● TASK STATEMENT
Transcribe, starting at the line with "A composite image" and ending at the line with "Disney Frozen Anna", every line of the material below exactly, but leave out the pictures and anything outside that span.

● DATA TO EXAMINE
· · · · ·
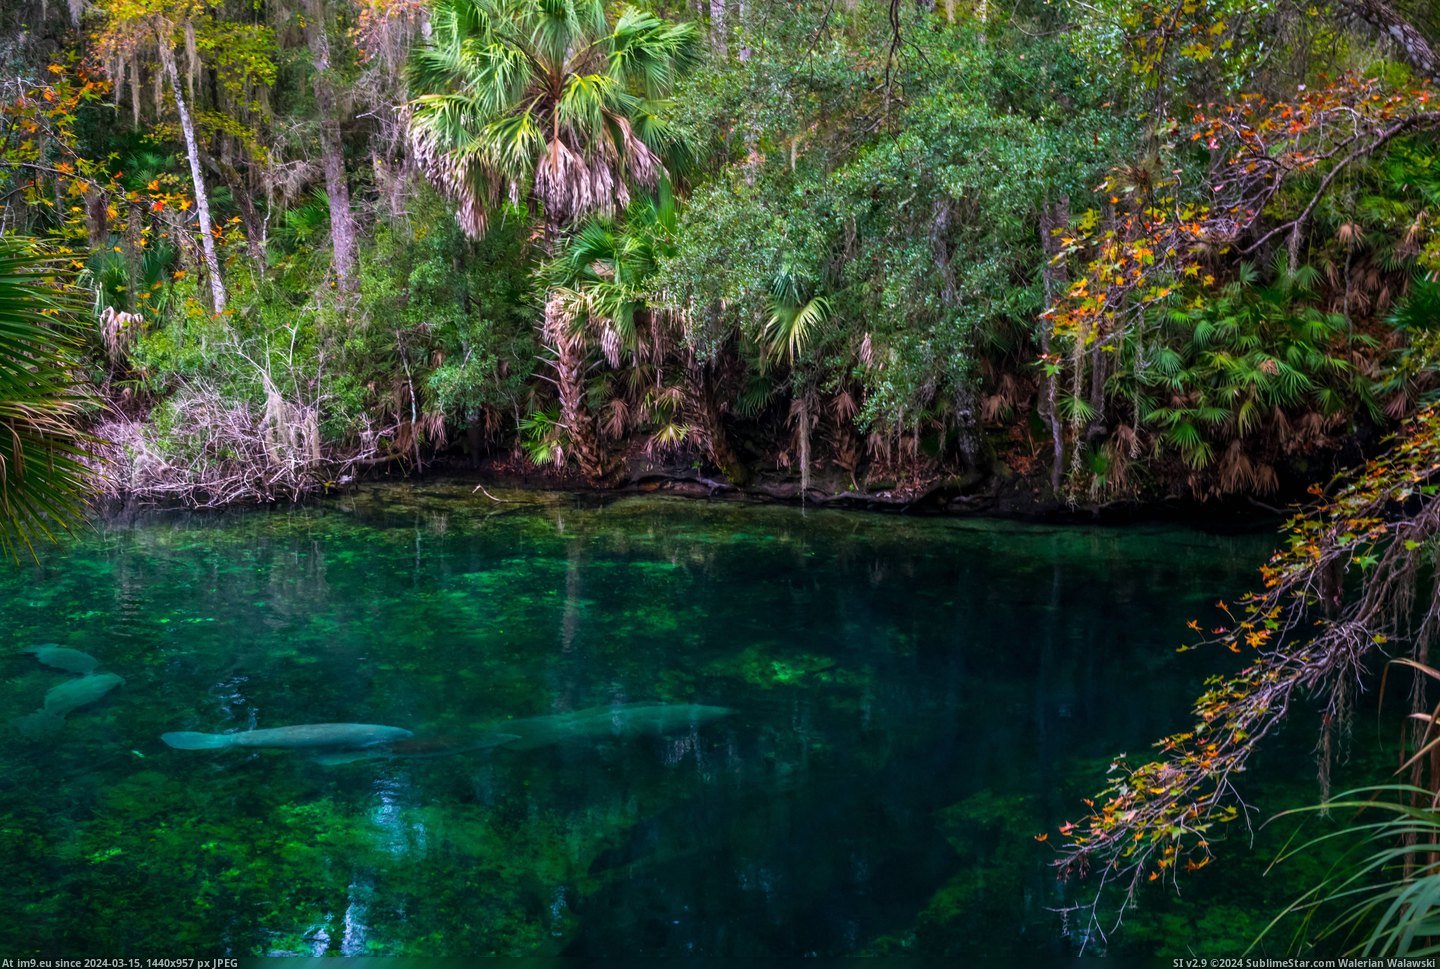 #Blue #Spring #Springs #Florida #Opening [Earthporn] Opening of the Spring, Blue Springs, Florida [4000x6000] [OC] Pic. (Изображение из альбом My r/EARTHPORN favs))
· · · · ·
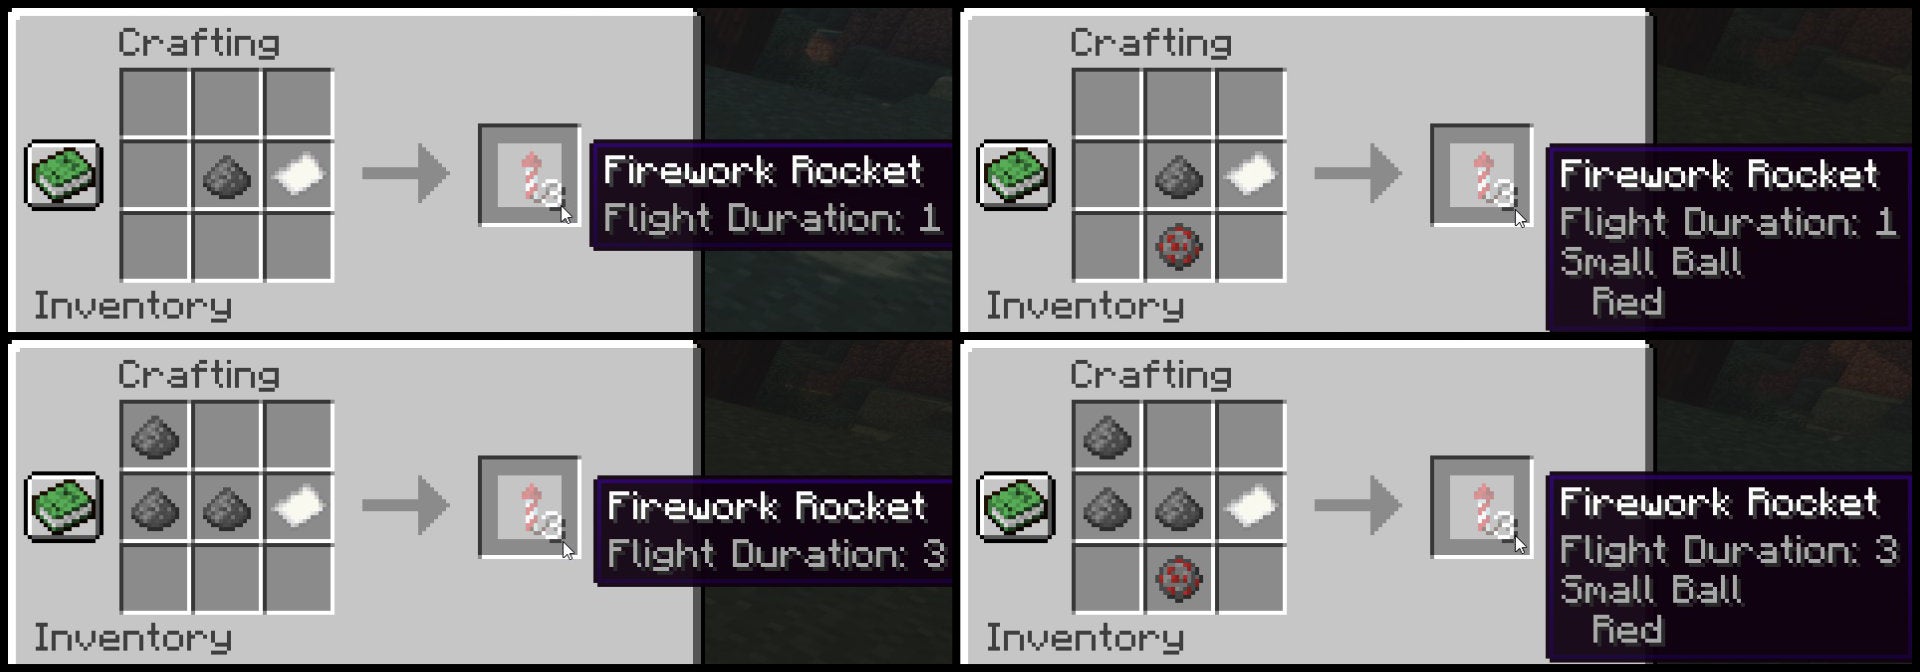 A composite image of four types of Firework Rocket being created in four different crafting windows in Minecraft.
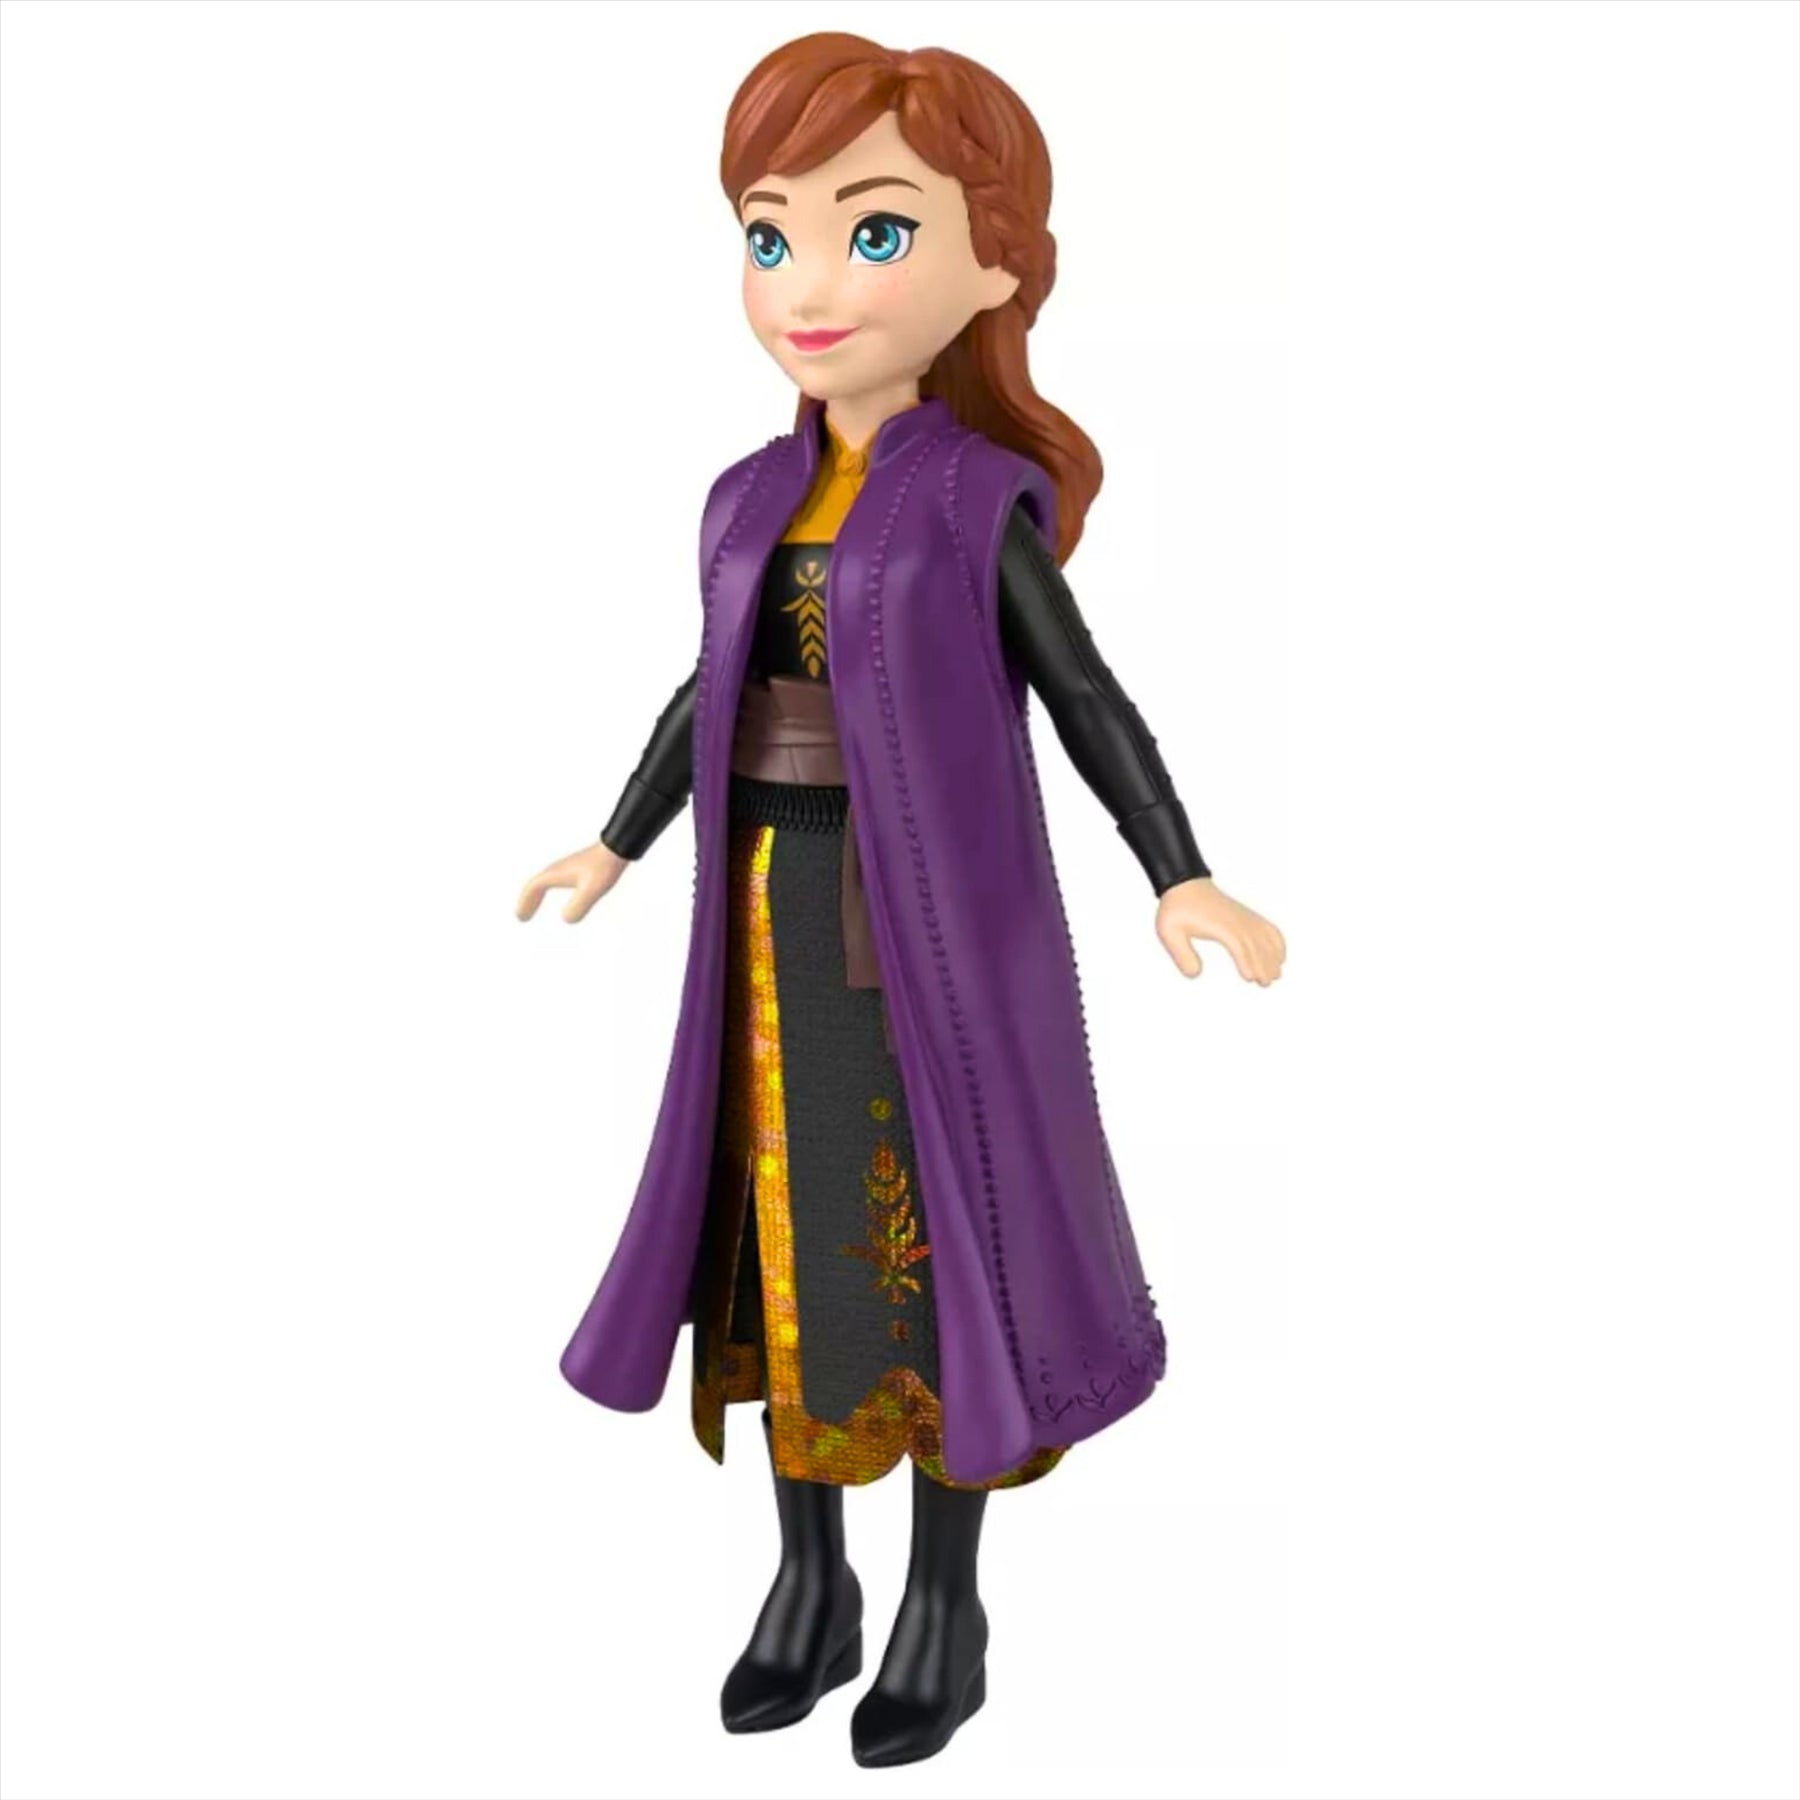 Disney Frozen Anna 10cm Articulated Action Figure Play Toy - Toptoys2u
· · · · ·
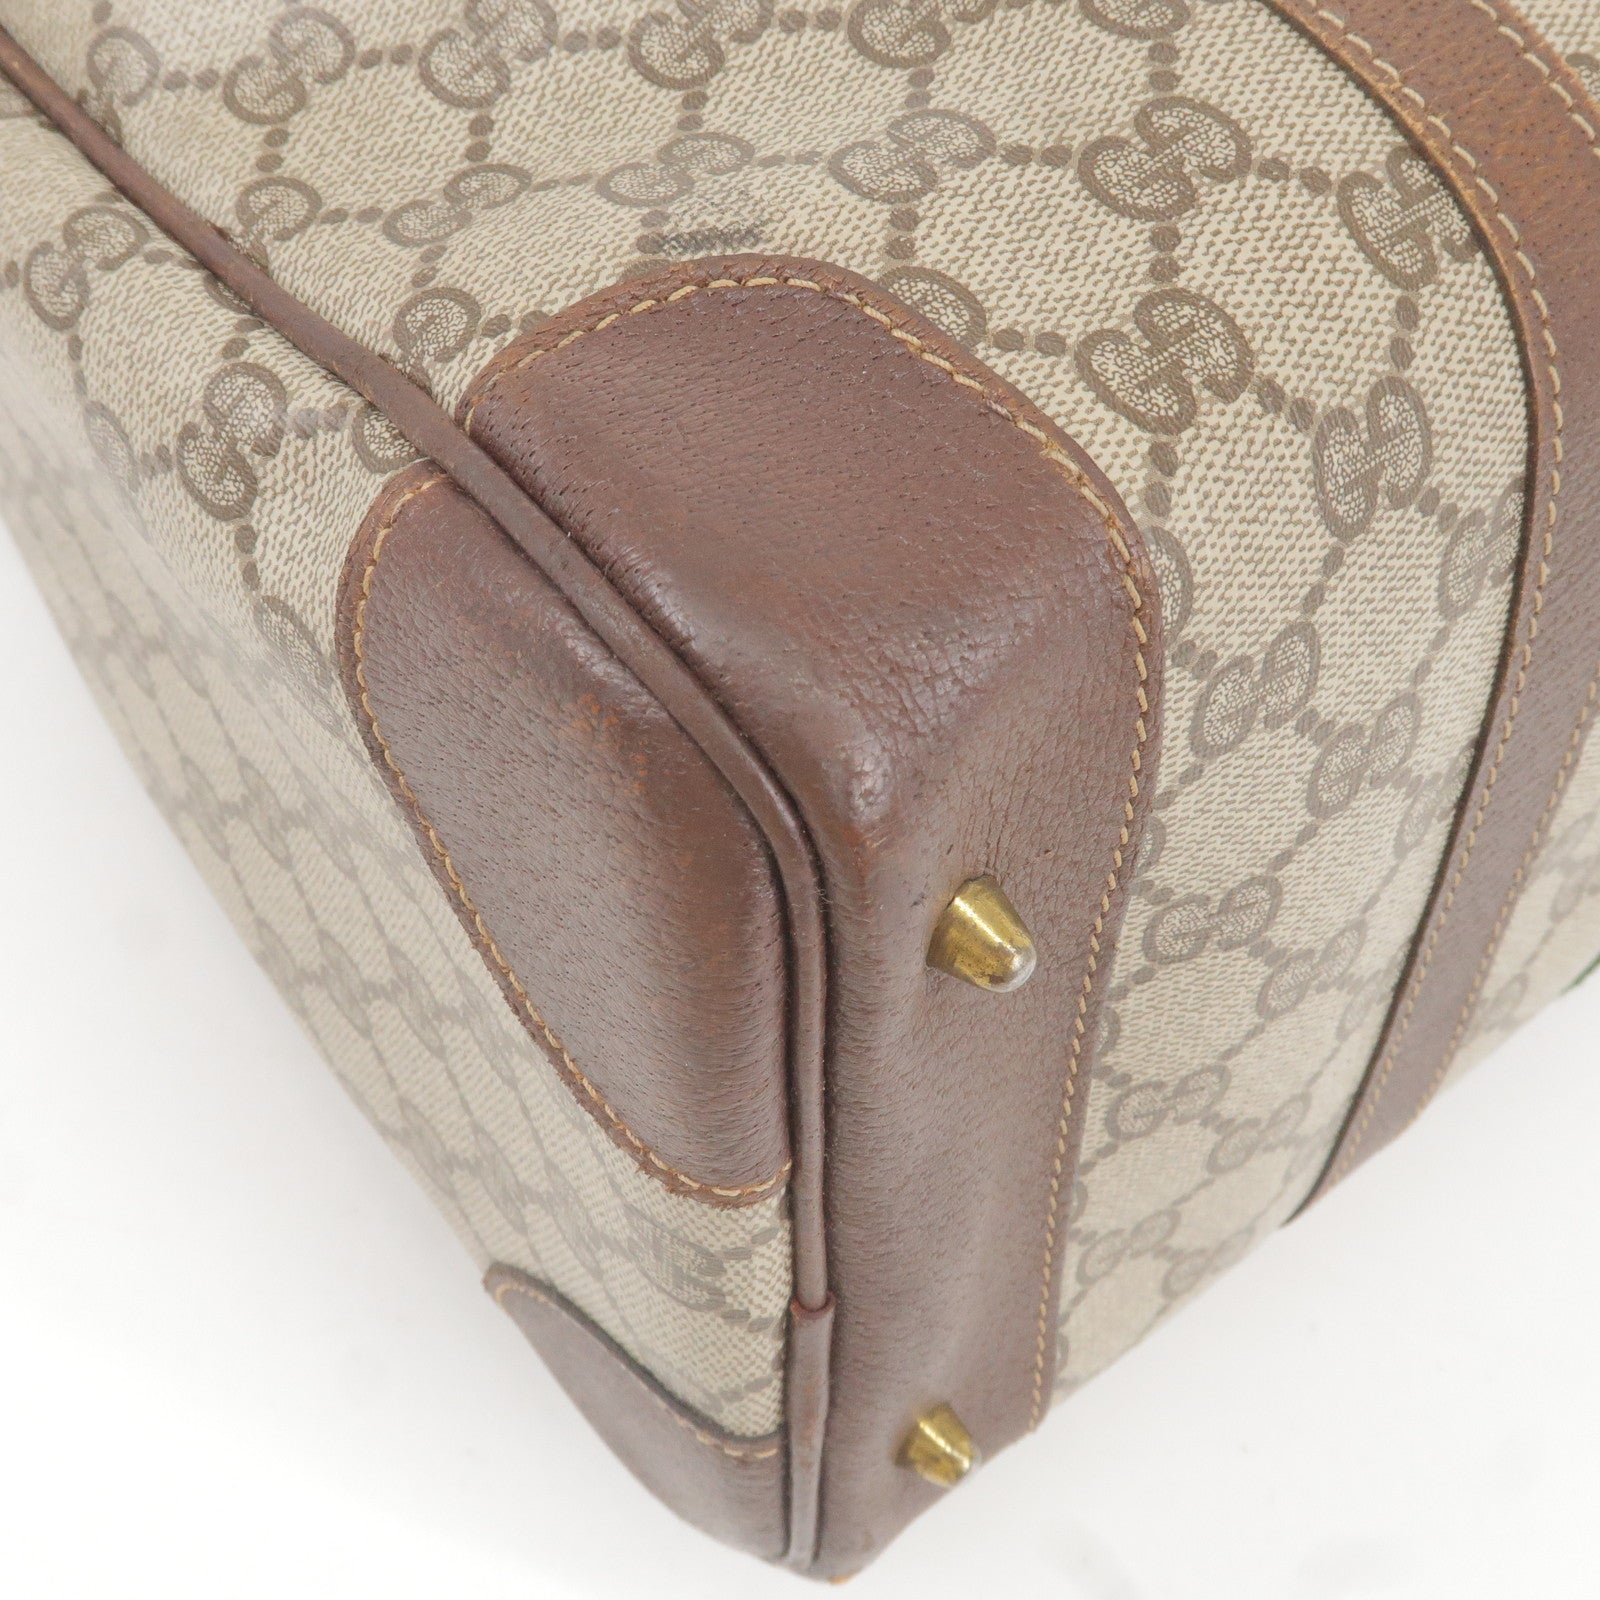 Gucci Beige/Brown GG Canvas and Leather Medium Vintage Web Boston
· · · · ·
● EXPECTED ANSWER
 A composite image of four types of Firework Rocket being created in four different crafting windows in Minecraft.
 Disney Frozen Anna 10cm Articulated Action Figure Play Toy - Toptoys2u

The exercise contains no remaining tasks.